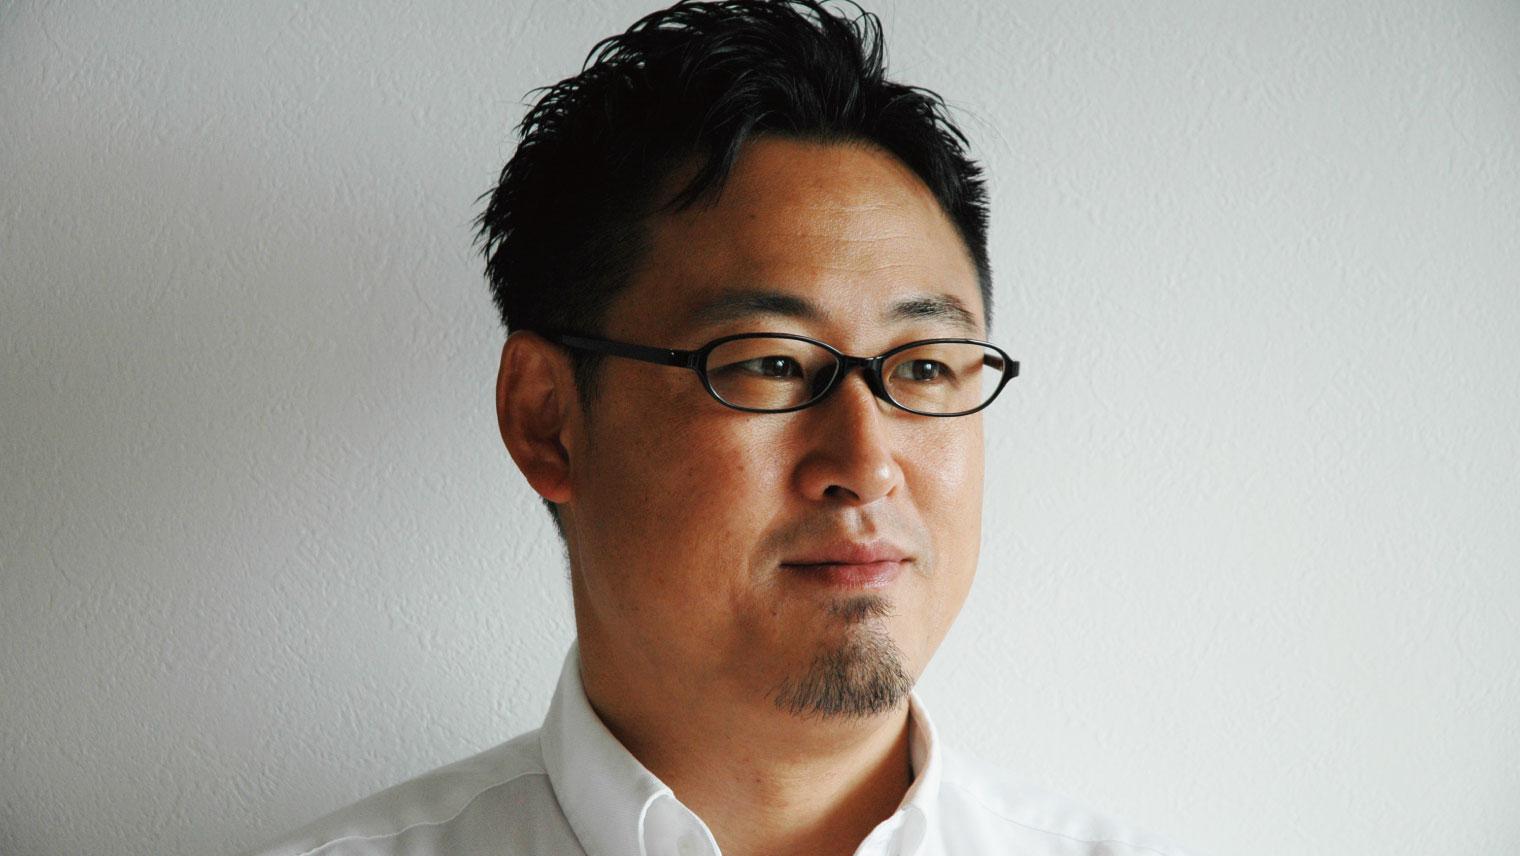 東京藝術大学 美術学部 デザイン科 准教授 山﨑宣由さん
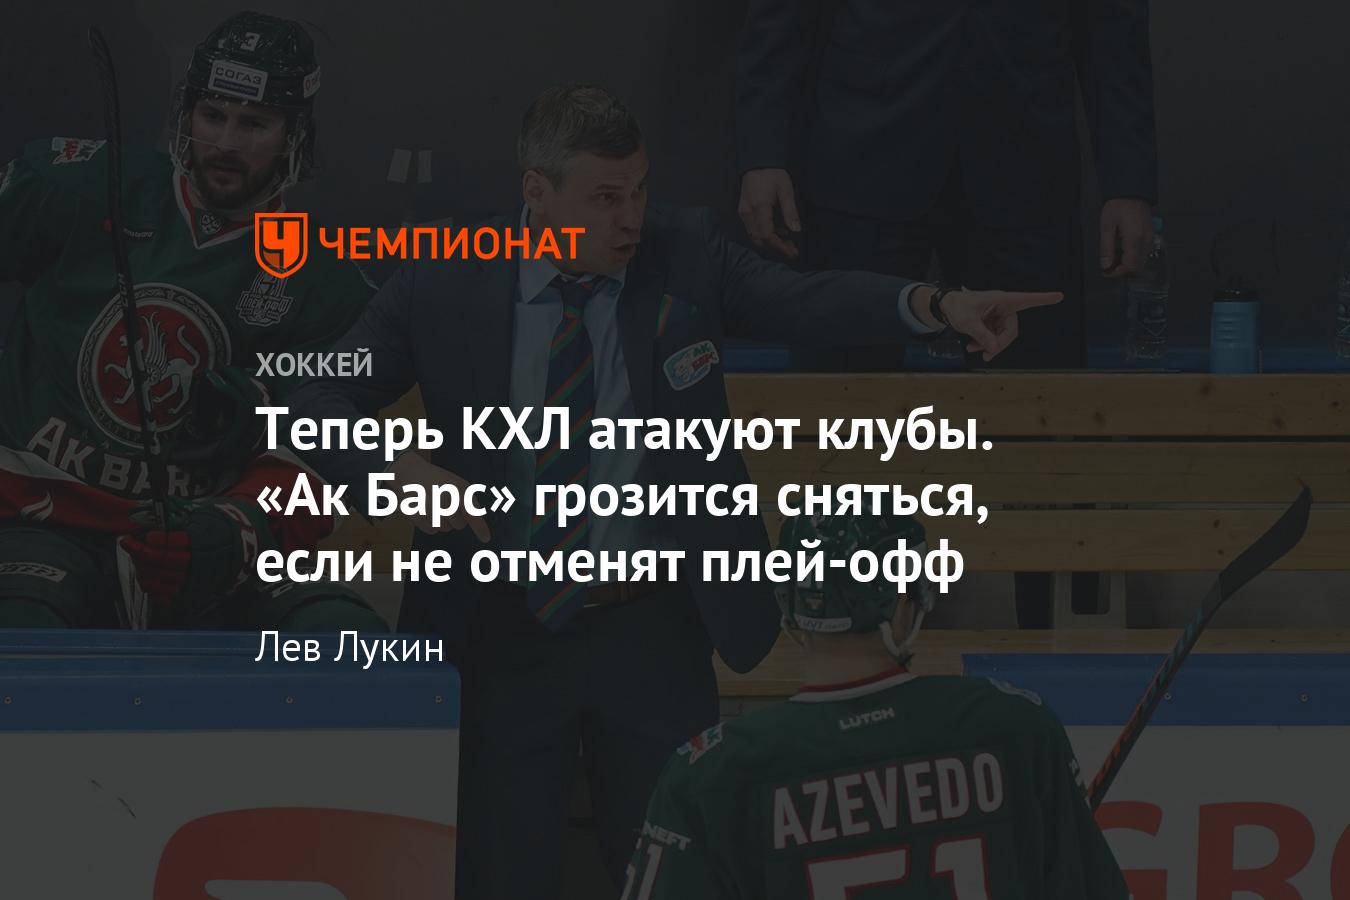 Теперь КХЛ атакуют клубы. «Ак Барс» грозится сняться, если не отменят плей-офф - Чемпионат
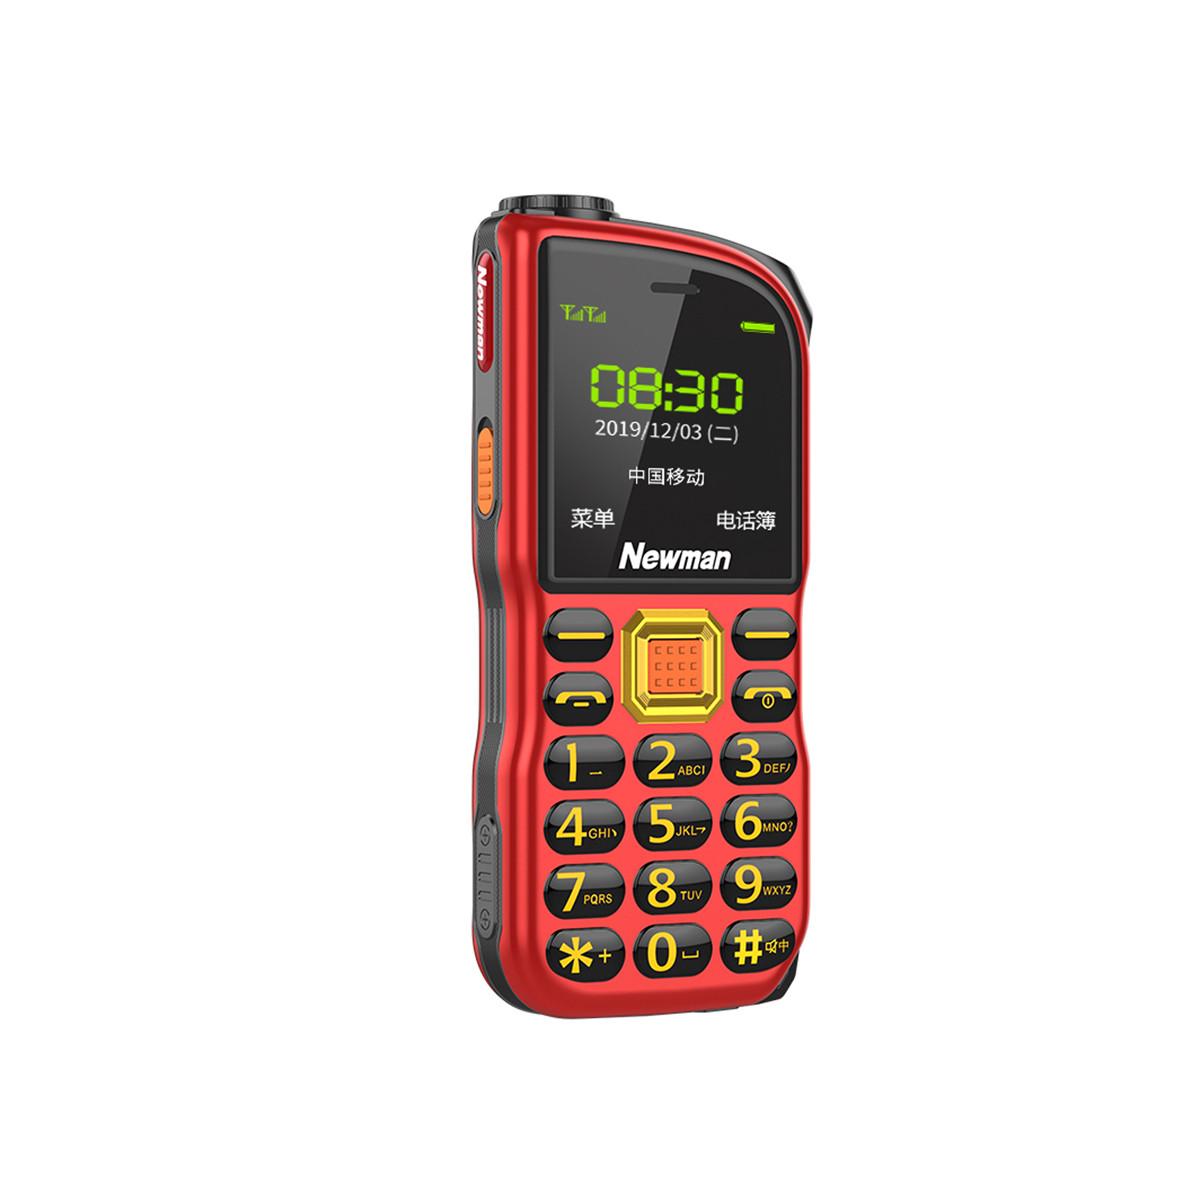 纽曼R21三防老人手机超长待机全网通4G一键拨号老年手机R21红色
───
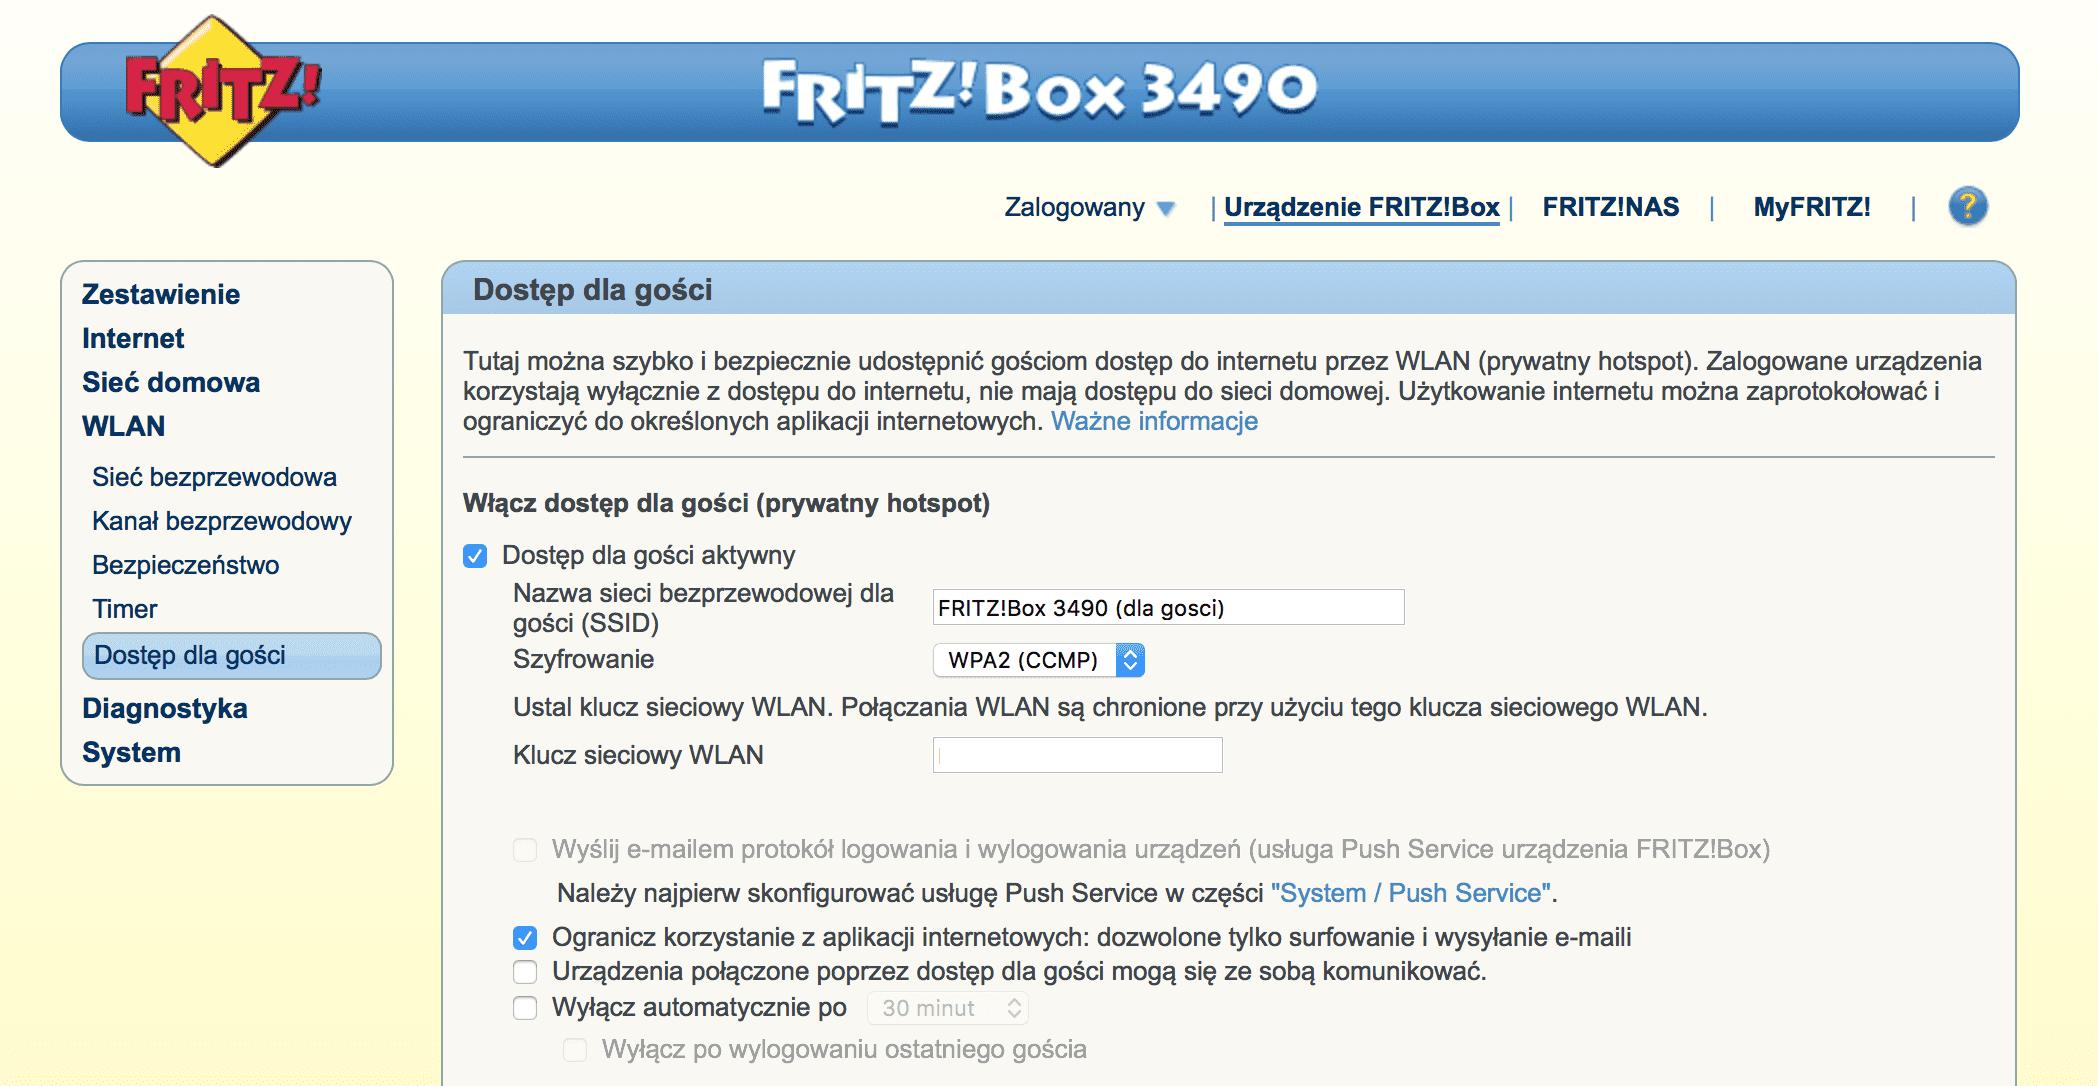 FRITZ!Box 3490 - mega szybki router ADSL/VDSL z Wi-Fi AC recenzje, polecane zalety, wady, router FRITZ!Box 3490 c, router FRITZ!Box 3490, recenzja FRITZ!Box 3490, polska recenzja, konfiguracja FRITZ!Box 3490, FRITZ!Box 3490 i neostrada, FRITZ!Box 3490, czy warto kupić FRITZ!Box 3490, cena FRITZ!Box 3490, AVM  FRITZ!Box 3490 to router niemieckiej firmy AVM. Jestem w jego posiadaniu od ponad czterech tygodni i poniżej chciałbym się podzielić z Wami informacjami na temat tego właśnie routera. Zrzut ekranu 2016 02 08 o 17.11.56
───
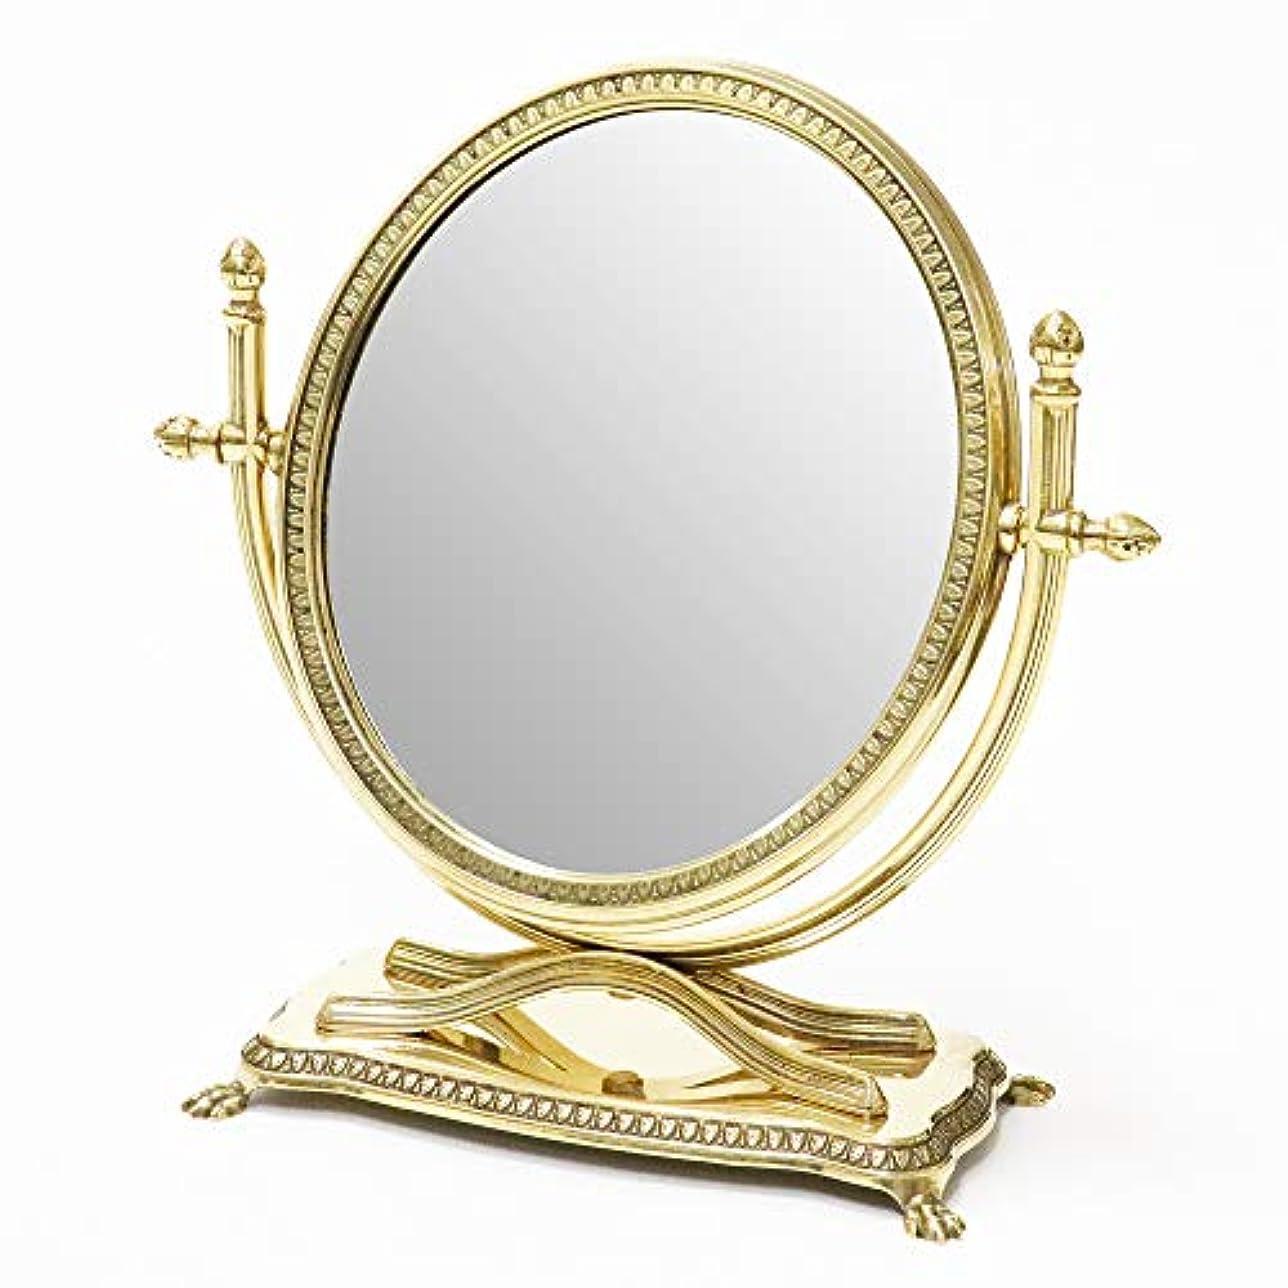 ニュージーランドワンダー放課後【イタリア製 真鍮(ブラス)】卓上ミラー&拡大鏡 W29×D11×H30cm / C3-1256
───
**Problem to work on:** An exact copy is needed of the stretch above that opens with the line containing "東京藝術大学 美術学部 デザイン科 准教授 山﨑宣由さん" and closes with the line containing "纽曼R21三防老人手机超长待机全网通4G一键拨号老年手机R21红色"; the pictures are not part of it.

**Response for this exercise:**
 東京藝術大学 美術学部 デザイン科 准教授 山﨑宣由さん
 Теперь КХЛ атакуют клубы. «Ак Барс» грозится сняться, если не отменят плей-офф - Чемпионат
 纽曼R21三防老人手机超长待机全网通4G一键拨号老年手机R21红色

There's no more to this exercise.